Integrating high-throughput techniques with other analytic tools brings a new understanding of infectious processes and introduces an era of personalized strategies for managing infectious diseases. In this way, informatics becomes an irreplaceable platform for the constant cross-fertilization and interplay between focused and genome-wide studies.

Rapid and standardizable molecular identification systems have emerged during the last decade, with the development of sequence based species identification and sub-typing as the alternative to slow, labor-intensive and underpowered phenotypic techniques. Molecular identification usually relies on the detection of a single gene or multiple gene targets, or requires the comparison of whole microbial genomes. For example, in the pragmatic world of diagnostic bacteriology, conserved housekeeping genes such as the 16S rRNA gene, rpoB gene and others have been accepted as reliable targets. They are found in all microorganisms and show enough sequence conservation for accurate alignment as well as enough variation for phylogenetic analyses (Christen 2008) . Furthermore, the 16S rRNA gene based phylogeny is sufficiently congruent with those based on whole genome approaches. Sequencing of six to eight genes or loci, as it typically done in multilocus sequence typing analysis, may constitute a reasonable compromise between single genebased and whole genome-based methods for species diversity studies.

To streamline the process of the translation of sequencing-based identification into clinical practice, the concept of the pathogen profile has been introduced . A pathogen profile is a single, multivariate observation or set of observations, comprised of classes of specific attributes (e.g., genome, transcriptome, proteome or metabolome data), which are designed to allow the interrogation of existing or future databases, and the integration of genomics and post-genomics data with clinical observations and patient outcomes. The profile may indicate the probability that a specific marker is associated with a clinically relevant phenotype such as in vivo antimicrobial resistance or high transmissibility. This information allows the classification of strains into "risk groups" for treatment failure or a propensity to cause outbreaks of infections. It is often important to capture the quantitative information about a pathogen, in vivo, i.e. viral or bacterial loads and their units of measurement. In contrast to traditional subtyping, which is based on phenotypic characteristics such as serotype, biotype, phage type or antimicrobial susceptibility, genetic profiling describes the phenotypic potential in the nucleic acid sequence. A pathogen profile is a synthesis of various markers and clinical end-points, which can be extracted from medical charts that characterize an individual patient's clinical and public health outcomes. The profile may be heuristic, when only a single genetic marker is associated with a specific patient outcome, while more insights can be achieved when attributes from different levels of the biological hierarchy (i.e. gene detection, gene expression, metabolite profiles etc) corroborate and complement each other.

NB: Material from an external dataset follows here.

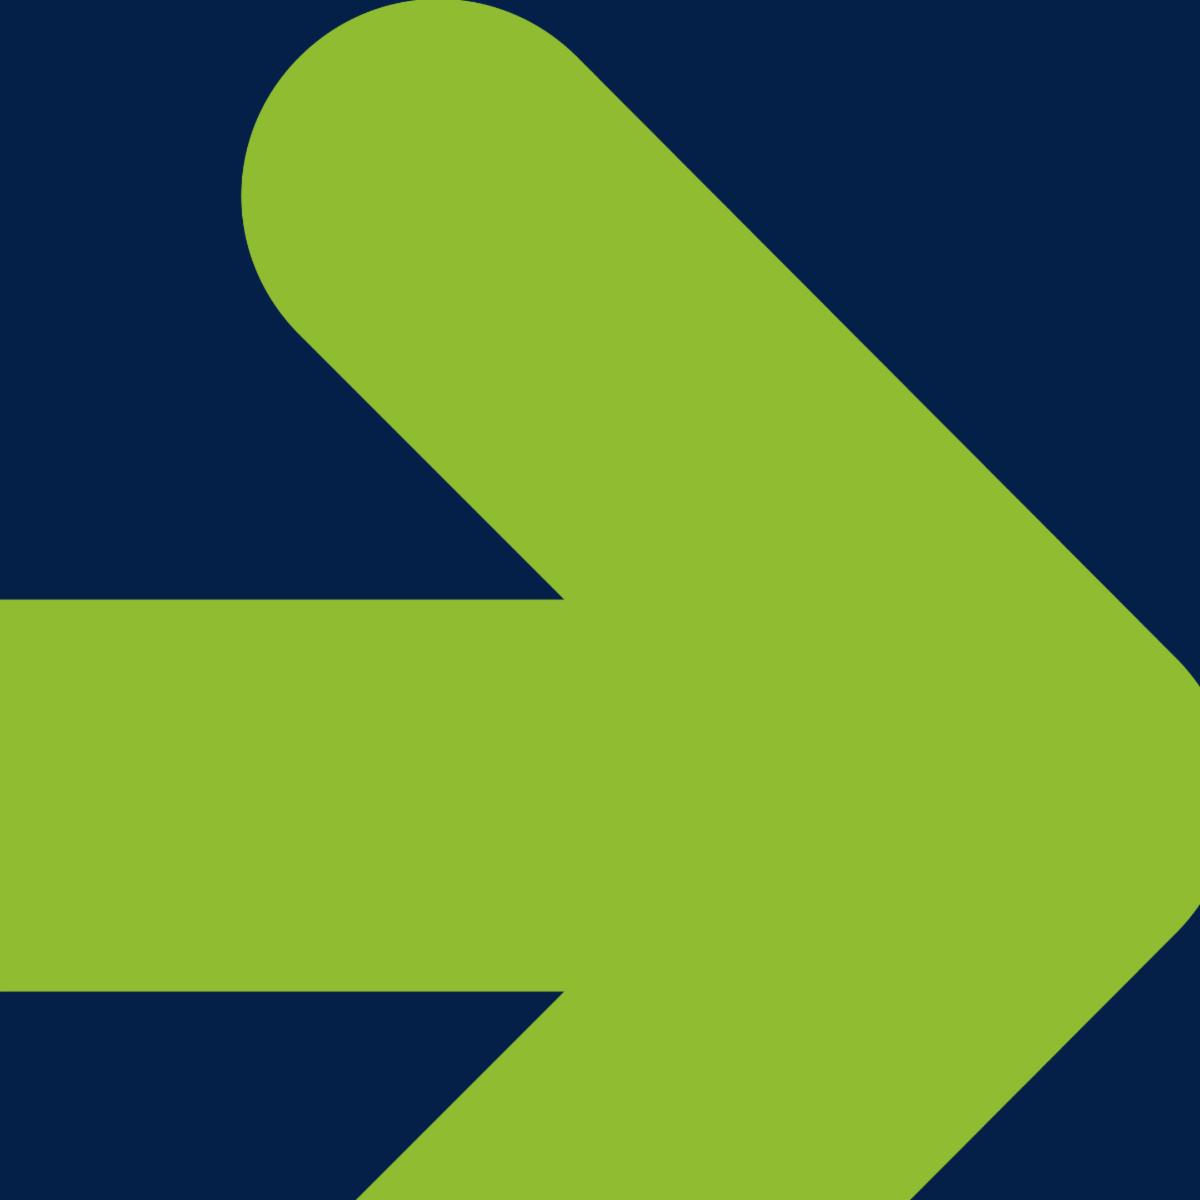 Green rightward facing arrow

Machine learning algorithms, such as E-Predict (Urisman et al. 2005) , are being developed to identify viruses and bacteria present in clinical samples. These profiles are based on the microarray hybridization patterns or DNA sequences of pathogens.

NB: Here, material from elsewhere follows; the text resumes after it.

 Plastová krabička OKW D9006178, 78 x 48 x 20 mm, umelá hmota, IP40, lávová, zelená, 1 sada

Many computerized evidence-based guidelines and decision support systems (DSS) have been designed to improve the effectiveness and efficiency of antibiotic prescribing (Samore et al. 2005; Buising et al. 2008) . The most frequently utilized are electronic guidelines and protocols, especially for the empirical selection of antibiotics. The majority of DSS result in improvement in clinical performance and, in at least half of the published trials, in improved patient outcomes (Finch and Low 2002; Sintchenko et al. 2008a) . The revival of interest in prescribing-decision-support reflects the recent change in emphasis from support for diagnostic decisions towards support for patient management, and the changing focus from systems targeting a broad range of clinical diagnoses to task-and condition-specific decision aids. Despite reported successes of individual applications, the safety of electronic prescribing systems in routine practice has recently been identified as an issue of potential concern.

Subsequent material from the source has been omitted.